NOTE: Inspiré de la Conférence annuelle CUSO-Thailande 2007. Pour plus de détails, consulter: http://cuso.wordpress.com
Chaque jour, des milliers d’animaux sauvages sont brutalement arrachés à leur habitat naturel et familial. Question de garnir la table des bien-pansus, certes, mais aussi pour répondre aux caprices les plus extravagants de ces derniers…Certains préfèrent ainsi cuire, voire dévorer côtes de bœuf ou cervelle de singes…vivants. « Ça préserve les propriétés », de préciser un mordu qui préfère garder l’anonymat. La nouvelle bourgeoisie asiatique – chinoise, surtout, mais aussi japonaise, sud-coréenne… – raffole particulièrement de ces proies exotiques chassées non seulement dans le Royaume de Thaïlande, mais importées d’aussi loin que la région des Grands Lacs africains ou du Bassin amazonien.

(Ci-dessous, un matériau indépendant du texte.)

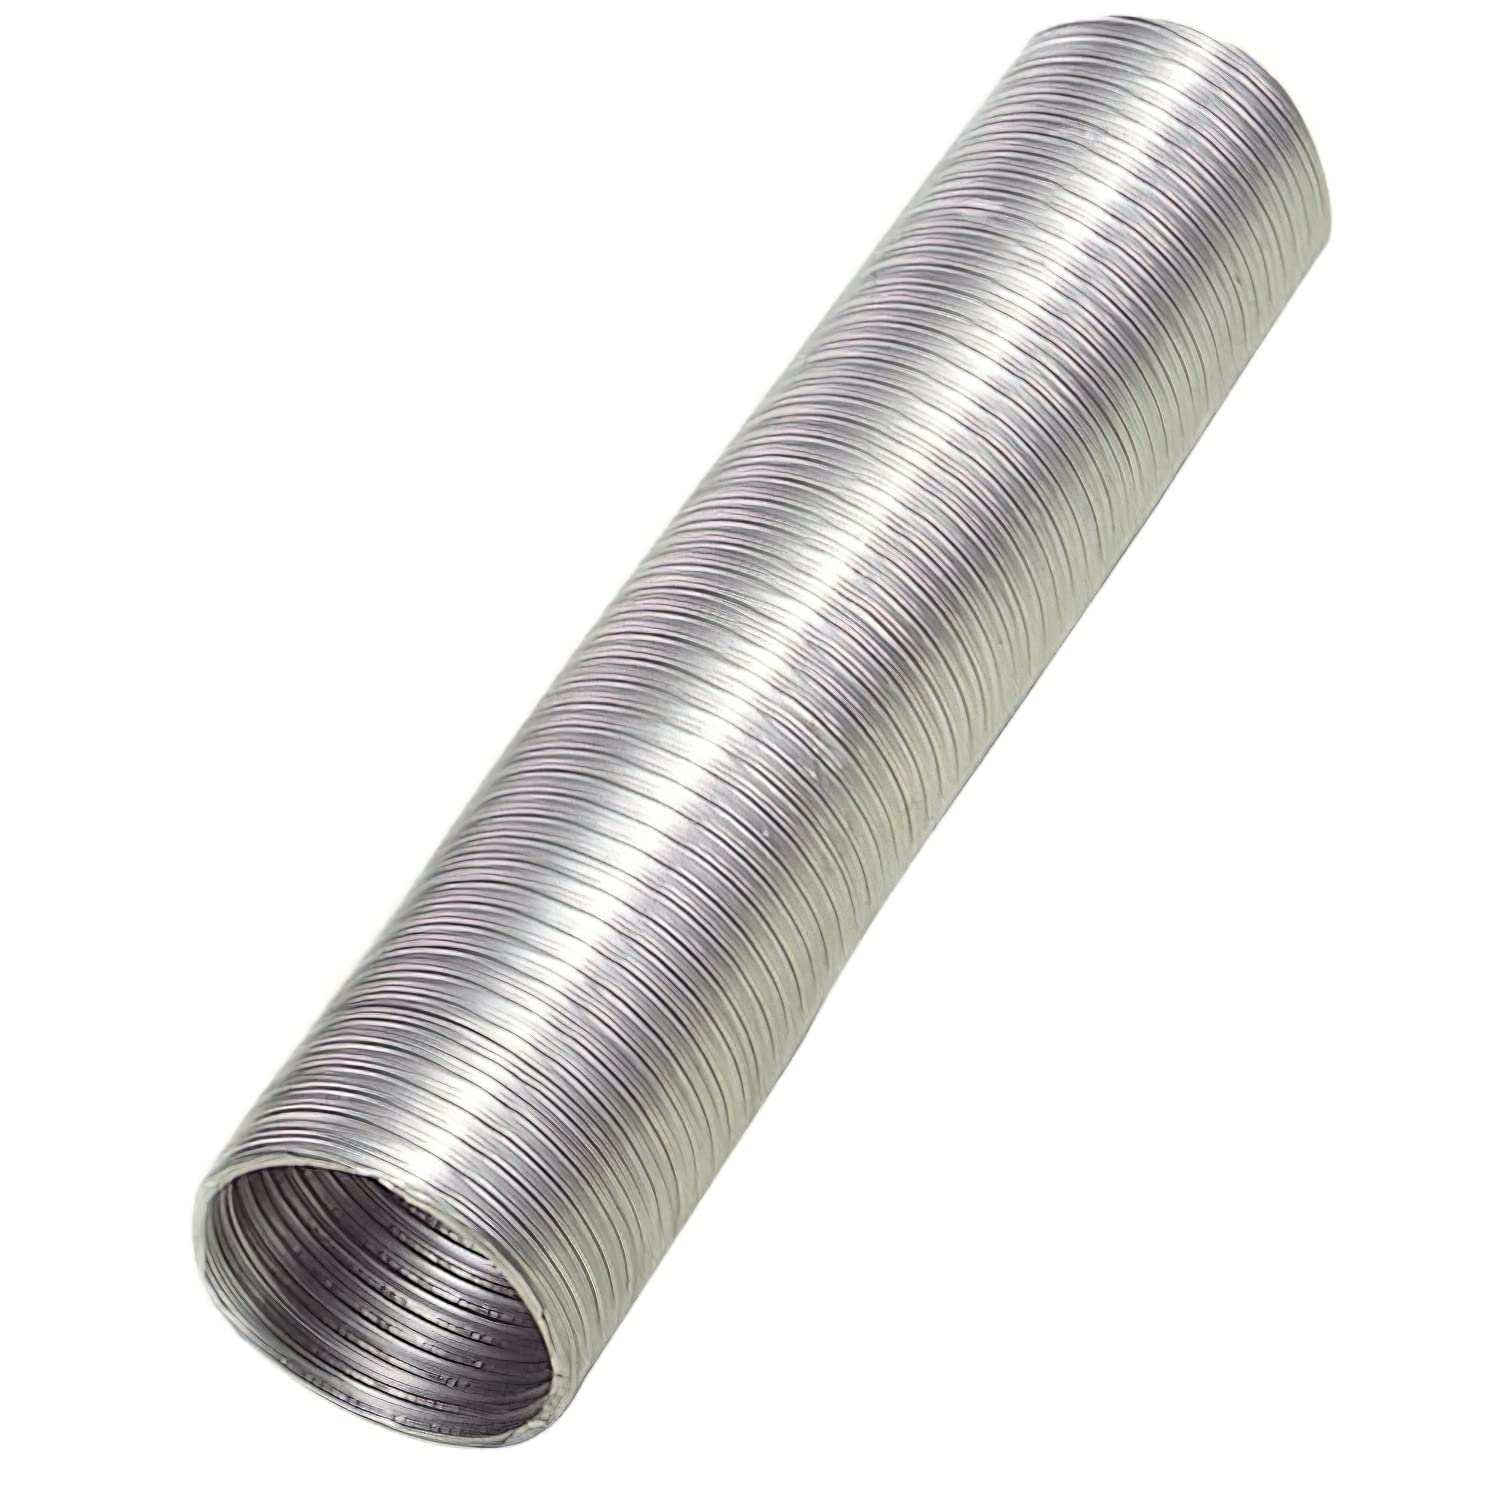 WOLFPACK 2560005 Aluminiumrohr Kompaktrohr grau 150 mm 5 m, Mehrfarbig

C’est pour palier à de telles aberrations que le Wildlife Rescue Center http://www.wfft.org/a vu le jour avec le présent millénaire. Situé sur les terres du temple bouddhiste Kao Look Chang, à Amphoe Thayang, province de Petchaburi, au sud-ouest de Bangkok, le Centre accueille ainsi les victimes animales de la barbarie inhumaine. Il éduque aussi le grand public sur les causes et conséquences multiples de cette barbarie : en tête de liste, la dégradation des écosystèmes et, incidemment, des égocentrismes.
« Je n’ai aucune compassion pour l’homme. Ceux-là en tous cas, et bien d’autres encore. » Solide gaillard d’origine polonaise, le fondateur et directeur du Centre, Edwin Wiek, ne tarit pas de commentaires pour expliquer la situation et ainsi mieux la dénoncer. Grossièrement, des êtres sans vergogne ni vertu pillent la nature – lacs, forêts, marécages, etc. – pour en tirer profit et se garder un ou deux trophées dans la foulée, en guise de pieuvre à conviction.
Leur raisonnement est simple, sombre, sinistre : « Je peux me le procurer, donc: je suis puissant et important. » Pissant! Impotent? Dans cette chasse sans merci, on tire sur tout ce qui bouge. Et quand ça ne bouge plus, on en tire tout ce qu’on peut, y compris tonifiants et aphrodisiaques. Car les couilles de bouc, comme les cornes de rhino, ont aussi leurs vertus magiques (!?) pour certains fanatiques. Des goûts étranges qui rappellent ceux de guerriers sanguinaires, moitié mystiques, moitié cannibales, qui se gavent notamment du sang de leurs victimes pour s’en approprier les pouvoirs!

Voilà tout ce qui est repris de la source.